This has turned into a mess ...
Ask: Given a string, I want to determine if a left single curly quote is an apostrophe ...
Problem: I've landed into UTF swamp ...
Here’s the code for that function ... obviously, it’s a heuristic since there’s no foolproof way to figure out in English if a quote is an apostrophe or the closure of a quoted sentence:
‘Hello, how are you?’ ==> simple quote
I wouldn’t ==> apostrophe
Whatcha doin’ ==> apostrophe (missing ?)
In any event, my problem is with the conversion between different string types: specifically, I want to use Character.IsLetter, which requires a WideChar. I’ve used UTF8CodePointToUnicode to obtain the code point and then performed a straight WideChar conversion (WideChar(CodePoint)) to convert it into a WideChar, but that’s failing.

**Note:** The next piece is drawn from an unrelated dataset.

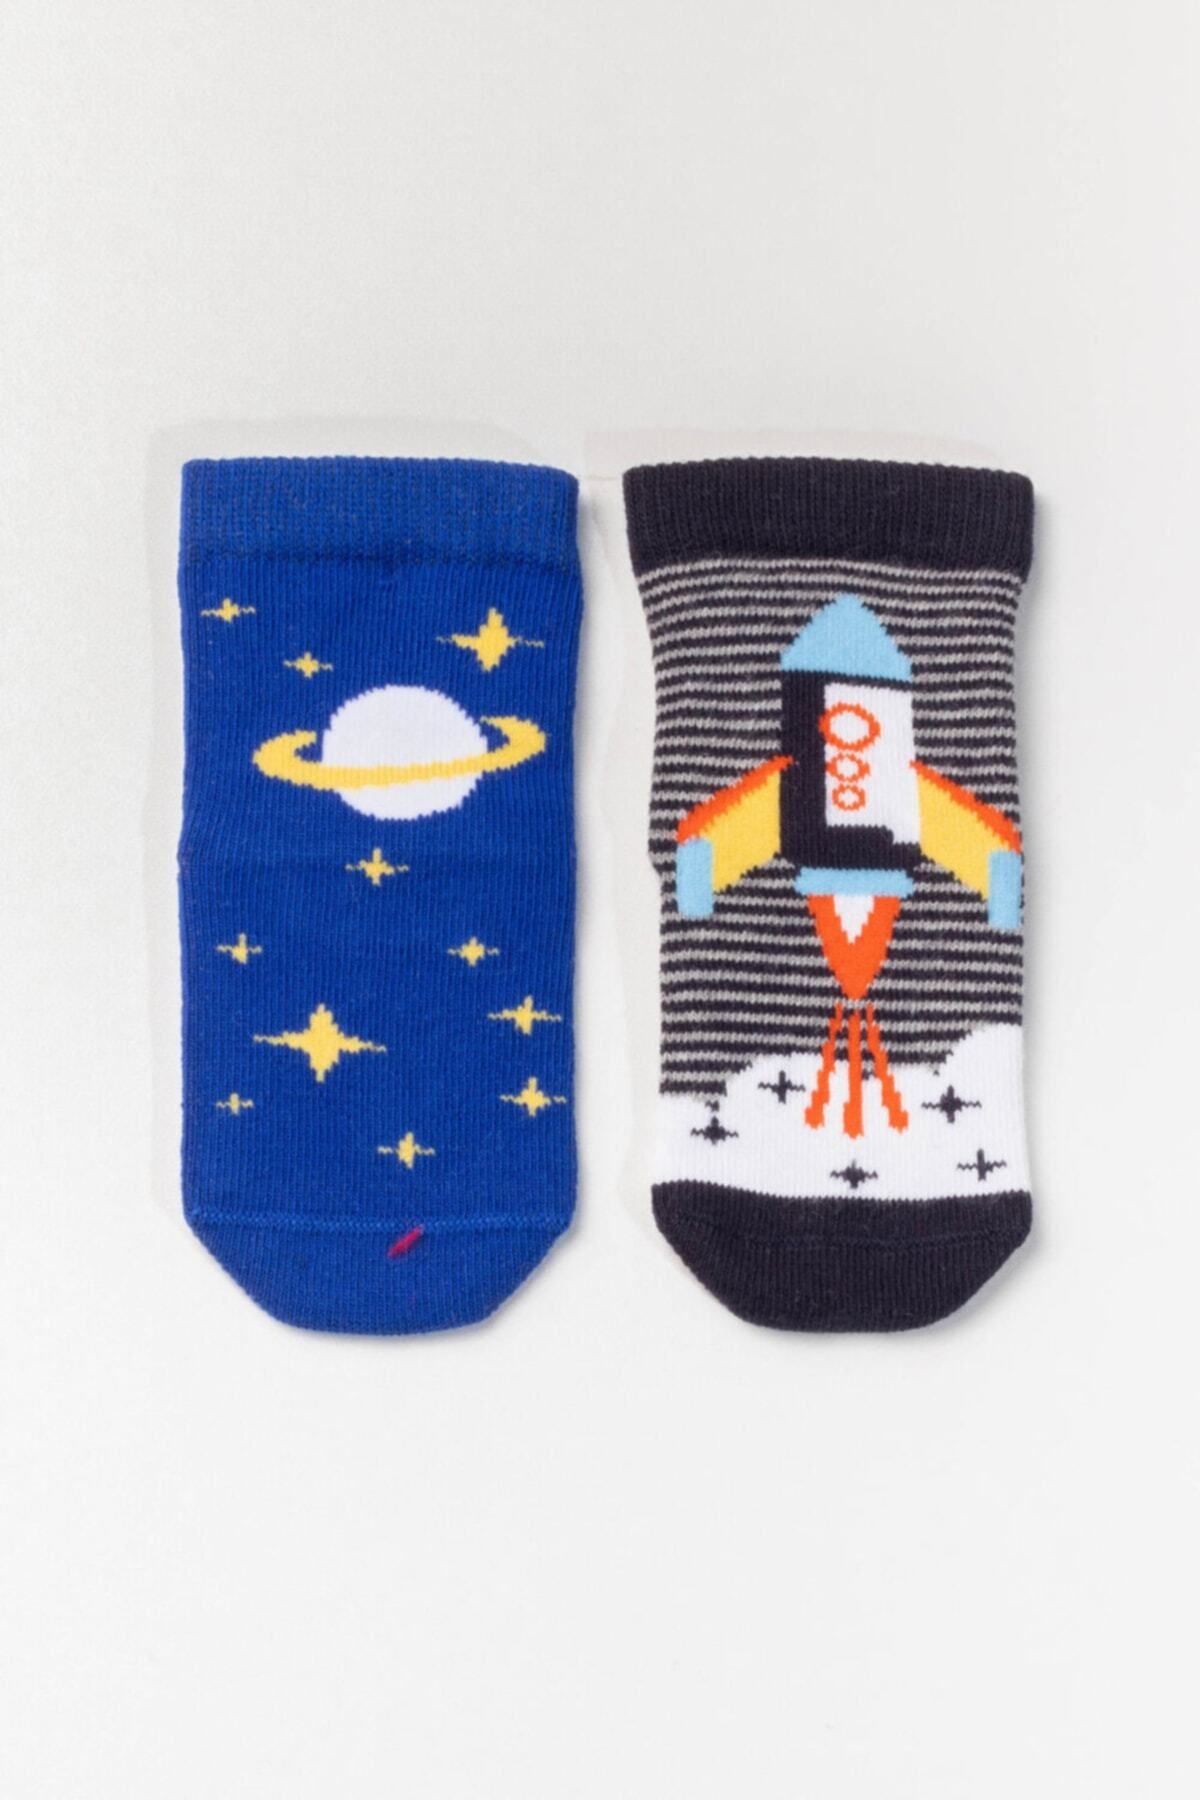 Katia & Bony Bebek Roket Desenli Çorap - Siyah / Lacivert 2'li Paket
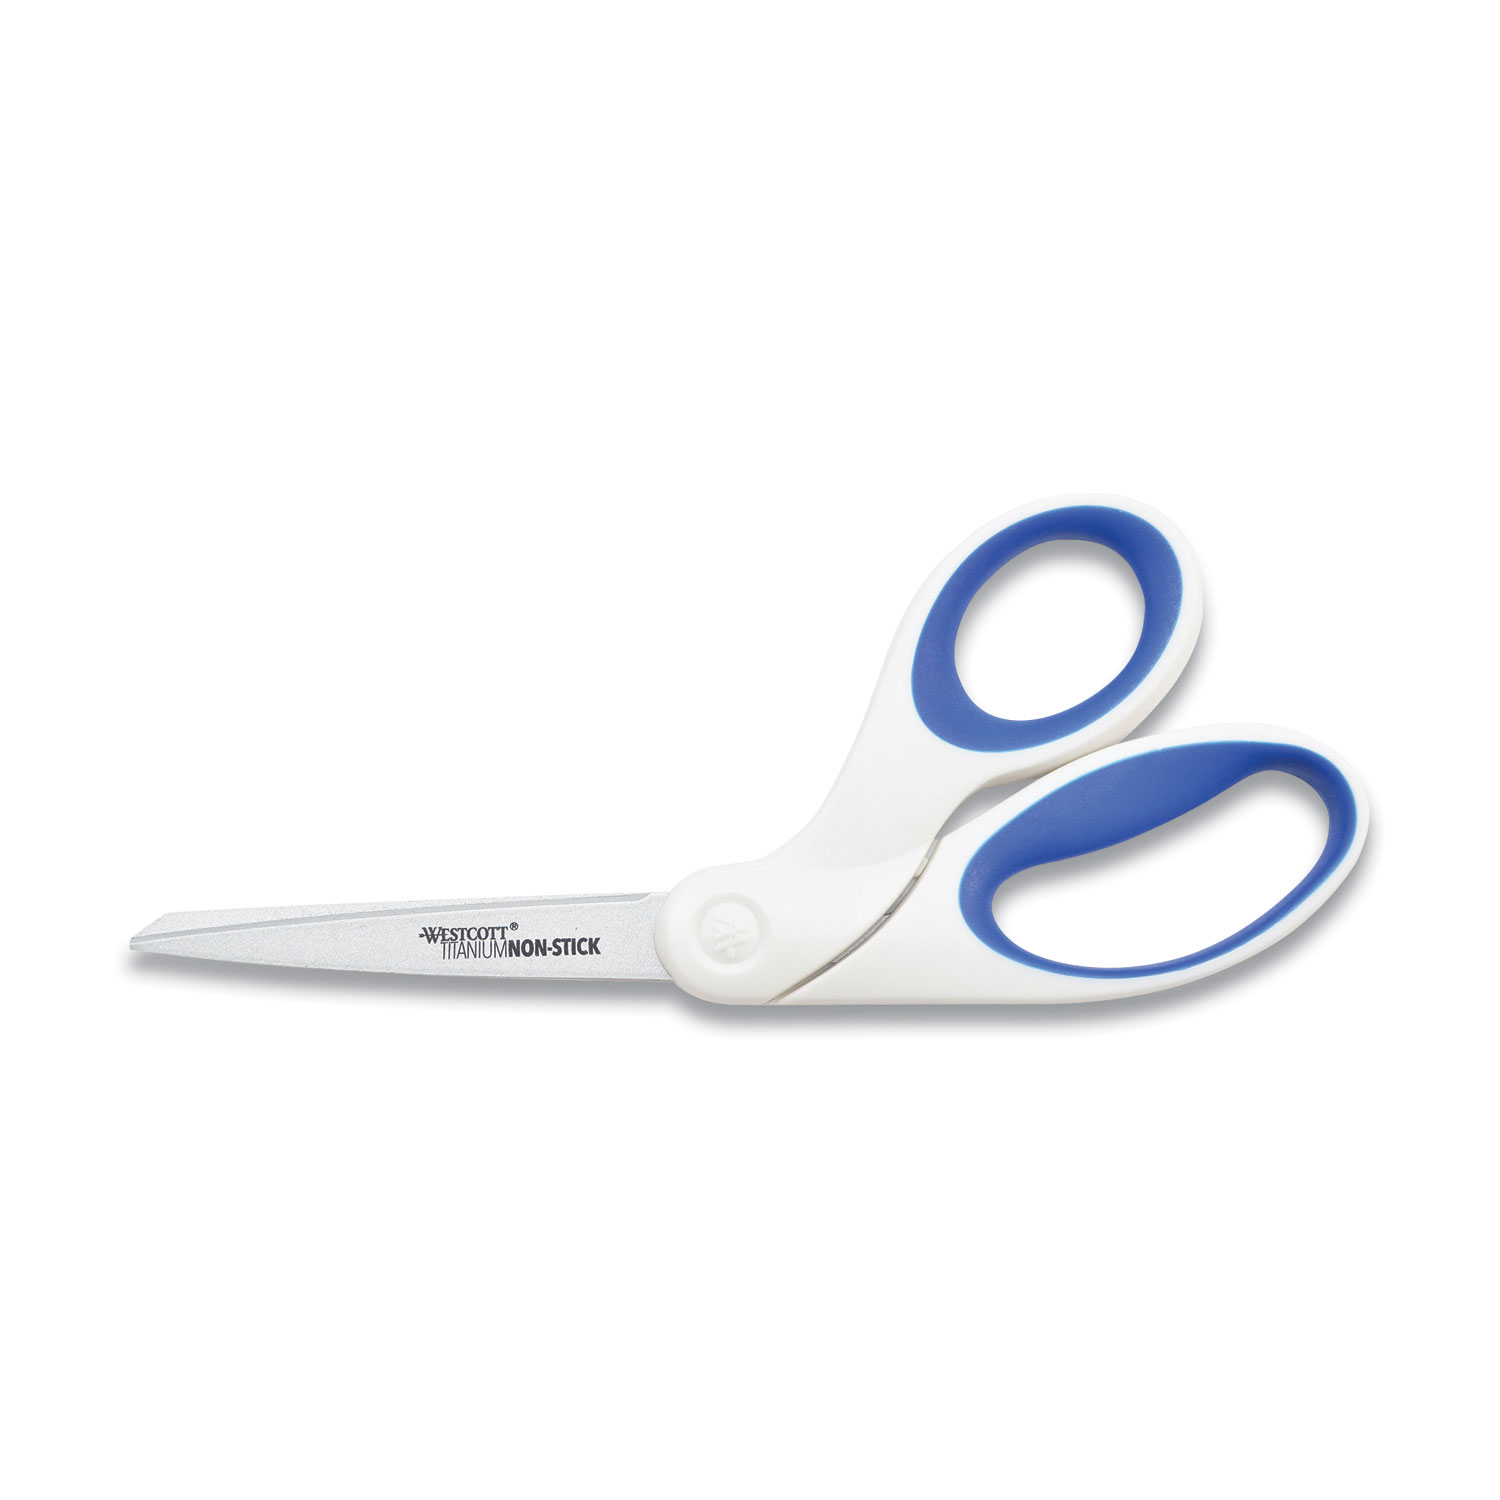  Westcott ACM-16578 Non-Stick Titanium Bonded Scissors, 8 Long, 3.25 Cut Length, White/Blue Bent Handle (ACM2397202)

function IsApostrophe(const S: String; const aPos: Integer): Boolean;
var aPrevChar: WideChar;
aNextChar: WideChar;
CodePoint: LongInt;
aLen: Integer;
begin
If UTF8CompareStr(UTF8Copy(S,aPos,1),RightCurlySingleQuote) <> 0 then Exit(False);
aLen := UTF8Length(S);
//If at start or end, assume it’s a quote (even if it’s the wrong quote.)
If (aPos = 1) or (aPos = aLen)
then Exit(False);
UTF8CodepointToUnicode(@S[aPos-1], Codepoint);
aPrevChar := WideChar(CodePoint);
UTF8CodepointToUnicode(@S[aPos+1], Codepoint);
aNextChar := WideChar(CodePoint);
If Not Character.IsLetter(aNextChar)
then Result := (Lowercase(aPrevChar) = 's') or
((aPos > 3) and (Lowercase(UTF8Copy(S,aPos-2,2)) = 'in')) or
IsDigit(aNextChar)
else If IsLetter(aPrevChar)
then Exit(True)
else if (LowerCase(UTF8Copy(S,aPos+1,3)) = 'tis' ) or
(LowerCase(UTF8Copy(S,aPos+1,4)) = 'twas' ) or
(LowerCase(UTF8Copy(S,aPos+1,5)) = 'cause') or
(LowerCase(UTF8Copy(S,aPos+1,2)) = 'em' ) or
(LowerCase(UTF8Copy(S,aPos+1,3)) = 'til' ) or
(LowerCase(UTF8Copy(S,aPos+1,5)) = 'round') or
(LowerCase(UTF8Copy(S,aPos+1,4)) = 'fore' )
then Exit(True);
end;
Suggestions?